# Anal gland issues: is there any way to prevent this?



## Debles (Sep 6, 2007)

Sasha is the first golden we have had with anal glad issues. He has had to have his anal glands expressed three times and he is only 10 months old!!!

The vet really had no answers and said we should come in every month to get them expressed! Couldn't this make them less likely to express on their own or even leak?

Sasha's anus was very red and sore also so the vet gave us a spray to soothe his bottom till it feels better in a few days.

Any help would be appreciated. He eats a good food..I wonder if giving fiber treats would help?


----------



## Karen519 (Aug 21, 2006)

*Debles*

Debles

Our Smooch used to have to have her anal glands expressed by the groomer, but I would say at the most she only expressed them a couple of times a year.

Sorry, I don't know much on this topic. Does Sasha have lots of fur around his anus, that might be trapping excement and irritating his bottom?
I googled and found lots on the anal glands, and it says they can be removed, too, if problems keep occuring.

http://www.dr-dan.com/analsac.htm

http://www.google.com/search?sourceid=navclient&ie=UTF-8&rlz=1T4TSNA_enUS370US370&q=Dog+Anal+glands


----------



## oakleysmommy (Feb 20, 2011)

Oakley was doing it alot when he was on Fromm's it has lessened alot now that i switched (wellness LBP) . It still happens prob once a week esp in the car!! i wish i knew what caused it too, but i would tend to think from experience its food related as well


----------



## AmbikaGR (Dec 31, 2007)

I believe diet can help. I have heard that a raw diet will help to eliminate the issue. It has to do with the consistency of the bowel movement. The firmer it is the less likely for this problem to occur. Almost all dogs on a raw diet have a VERY firm and quite hard poop on raw. I have never had to have any of my dogs anal glands expressed but do know of non-raw fed siblings/offspring that have.


----------



## Debles (Sep 6, 2007)

No his fur isn't causing it. I may try giving him treats with fiber like metamucil wafers which we gave Selka when he was on morphine.

I'd hate for him to have surgery to have them removed but I sure don't want him to have to deal with this every month!
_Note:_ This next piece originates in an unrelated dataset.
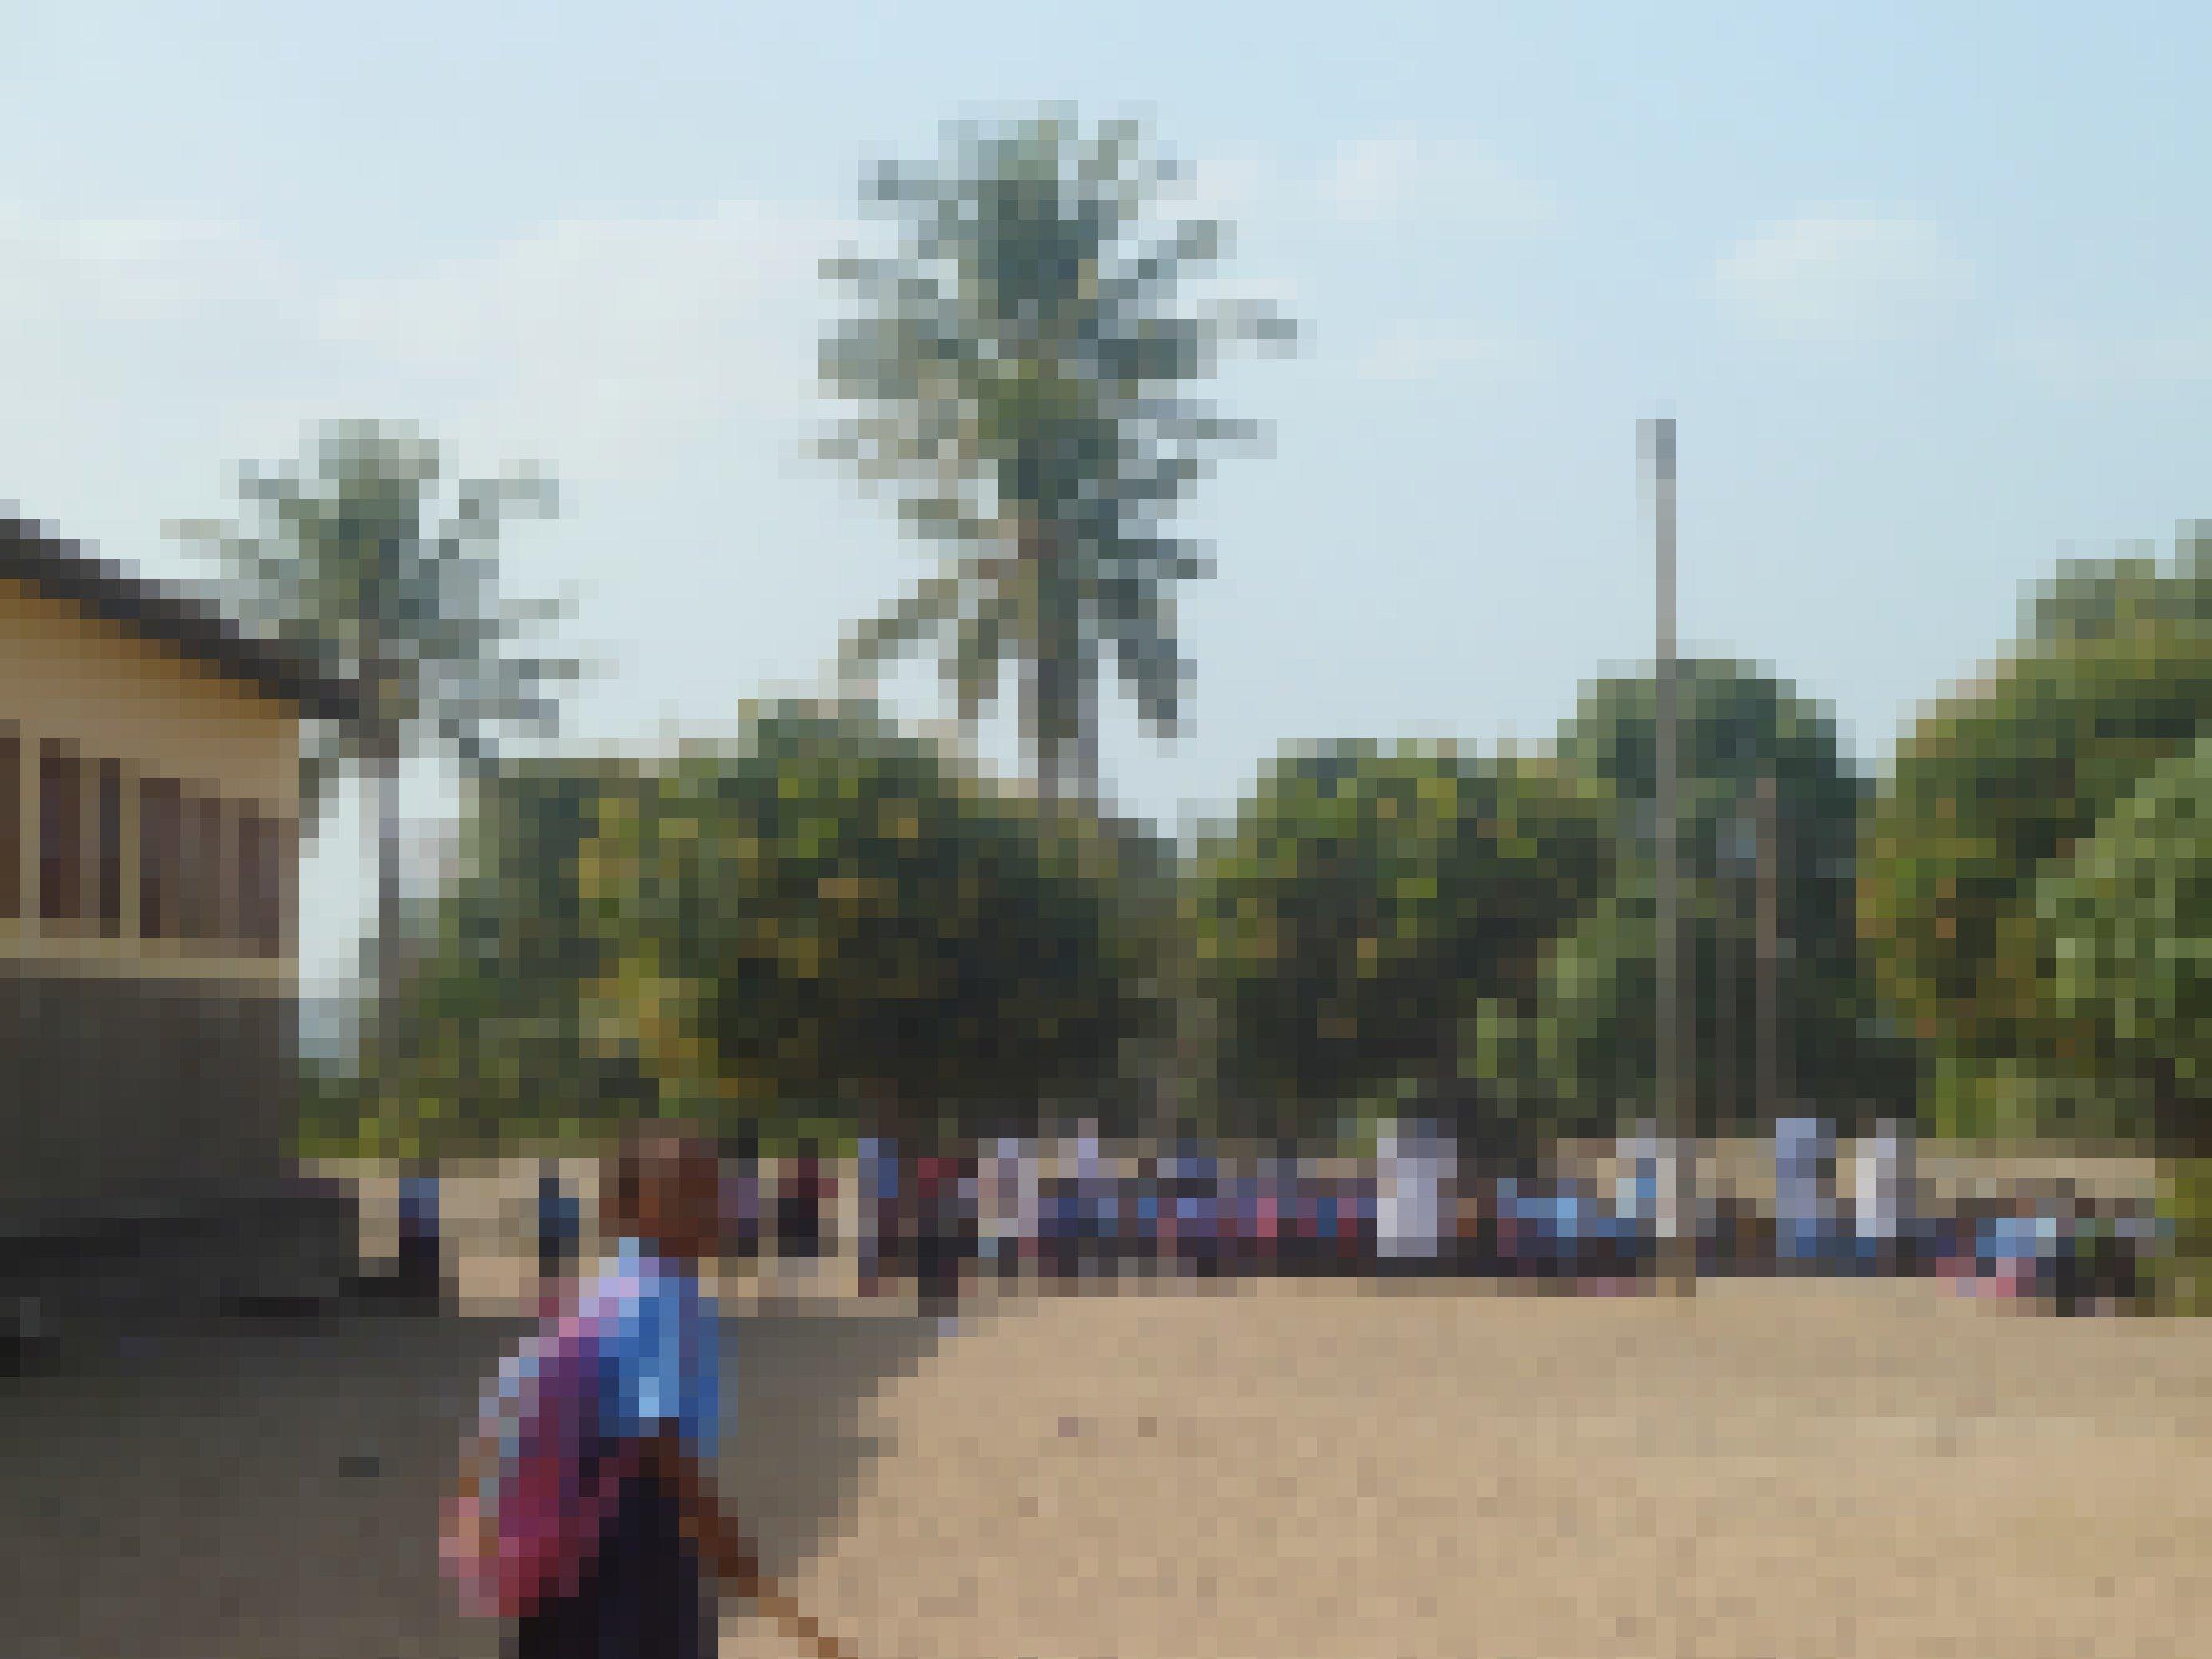 Auf dem sandigen Schulhof, unter Palmen, haben sich Schülerinnen zum Unterricht versammelt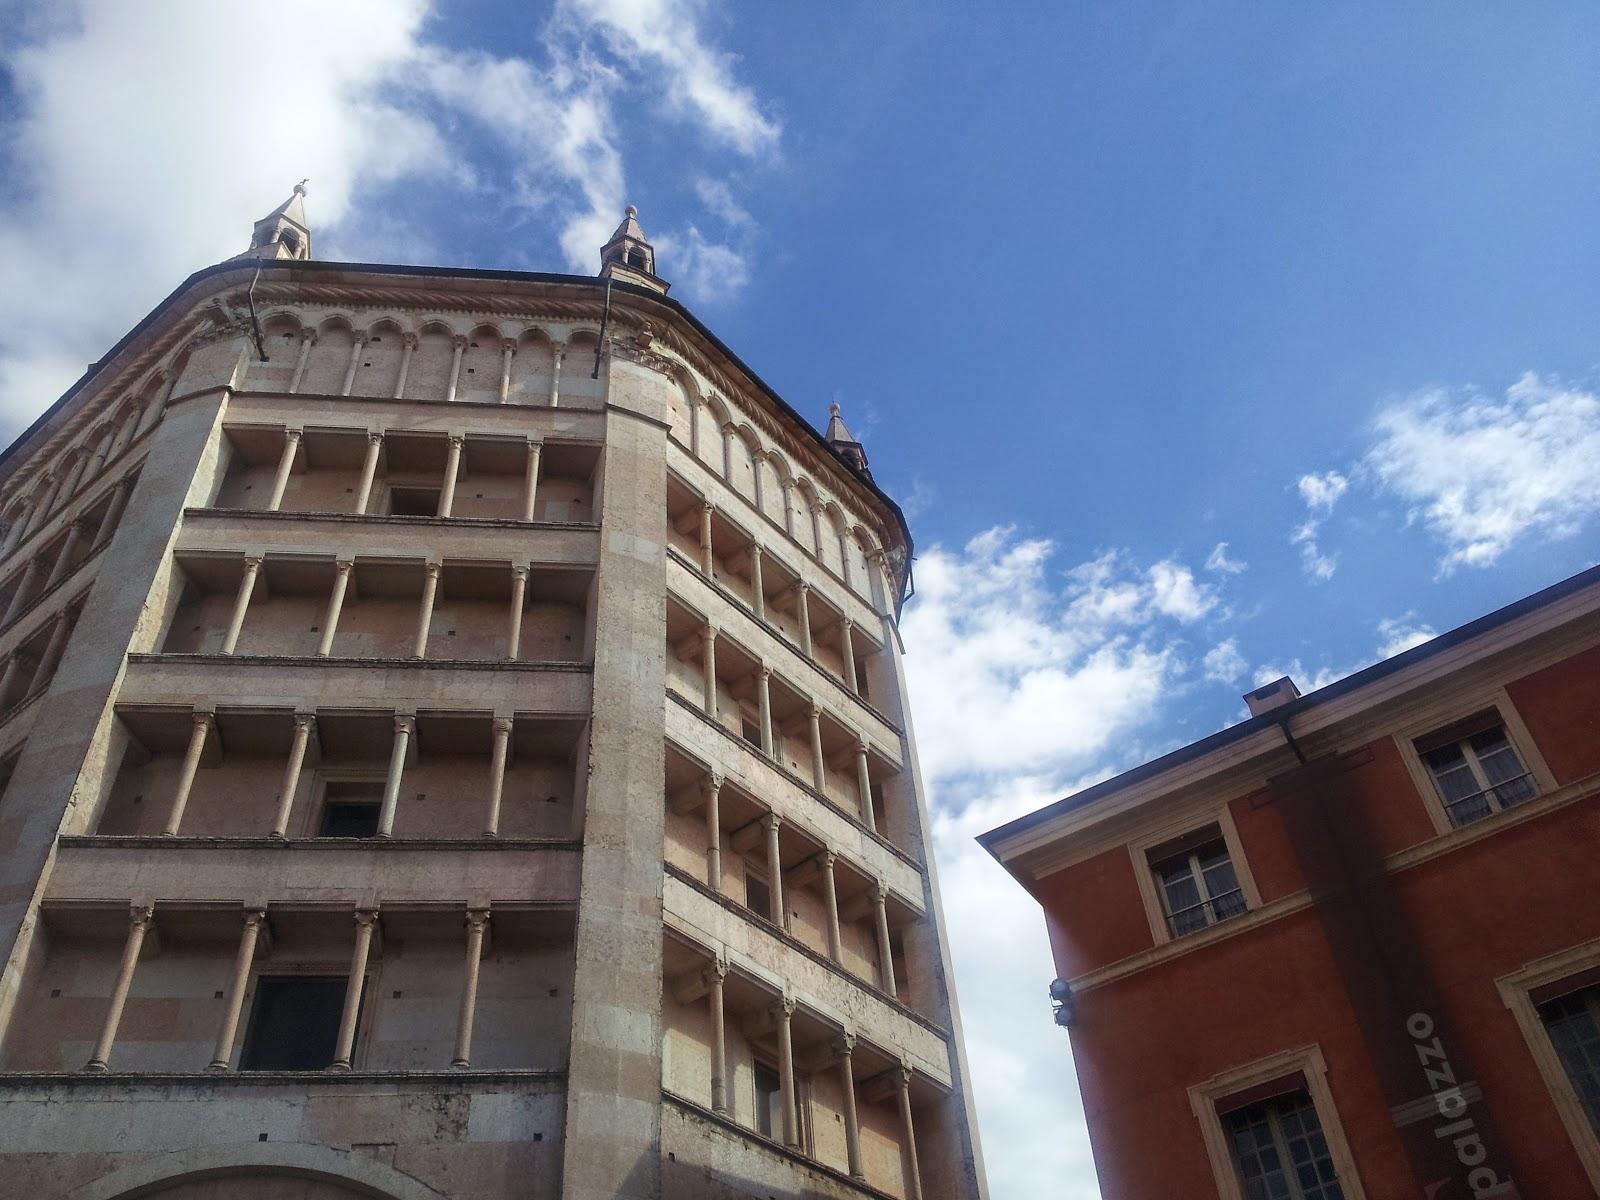 Battistero di Parma - Riproduzione riservata - Alberto Cardino

Sasha hasn't been smelly at all or scooting.


----------



## Debles (Sep 6, 2007)

I really don't know alot about feeding a raw diet.. I need to look into it and discuss with DH. Thanks Hank.


----------



## elly (Nov 21, 2010)

Chester used to have anal gland issues until a vet told us to put a small sprinkle of bran in his meal each day and whooppee..he now empties everything himself and he hasnt had to have them emptied even once since. I believe mashed cooked carrot may help too but try bran if you can get it. Such a simple natural solution and such a happier dog!


----------



## Karen519 (Aug 21, 2006)

*Debles*

Debles

What does your vet think about changing his diet?


----------



## Debles (Sep 6, 2007)

He really didn't say much (not my regular vet) so I think I am going to add bran or fiber. His salmon food is so healthy and makes his coat gorgeous, I don't want to change.

Is pumpkin good too for making stool more solid?


----------



## Penny & Maggie's Mom (Oct 4, 2007)

Yes, pumpkin is a good source of fiber. Just give a dollop, as too much can work to make stools loose. Or cooked sweet potato is good too. I would be leary of having him expressed so often, and certainly to have them removed... I think that could lead to other issues. I'm going to have to read up on it.


----------



## cubbysan (Mar 13, 2007)

My great pyrenees had a period of about 6 months where we were at the vet every 4 - 6 weeks. I started to give 2 - 3 shredded wheat pieces of cereal a day and the problem went away. This was on the advice of a big great pyr breeder.


----------



## West (Jul 9, 2010)

Might be some underlying cause apart from diet.
The same happened with Cooper at around that age. We had to have his gland expressed twice in a month! So, I talked to the vet annd she said that sometimes there are small recurrent infections in the area. As she was giving him antibiotics for another issue, she told me that they would also help with hs glands. And it was true! He has never had any problems again.


----------



## Debles (Sep 6, 2007)

I am going to try more fiber and see if that helps.. I'll try the shredded wheat.. sounds easy! Are you talking the small ones?
I would think the big shredded wheat would be too much. : )


----------



## missmarstar (Jul 22, 2007)

Good luck with the fiber, that was what I was going to suggest!!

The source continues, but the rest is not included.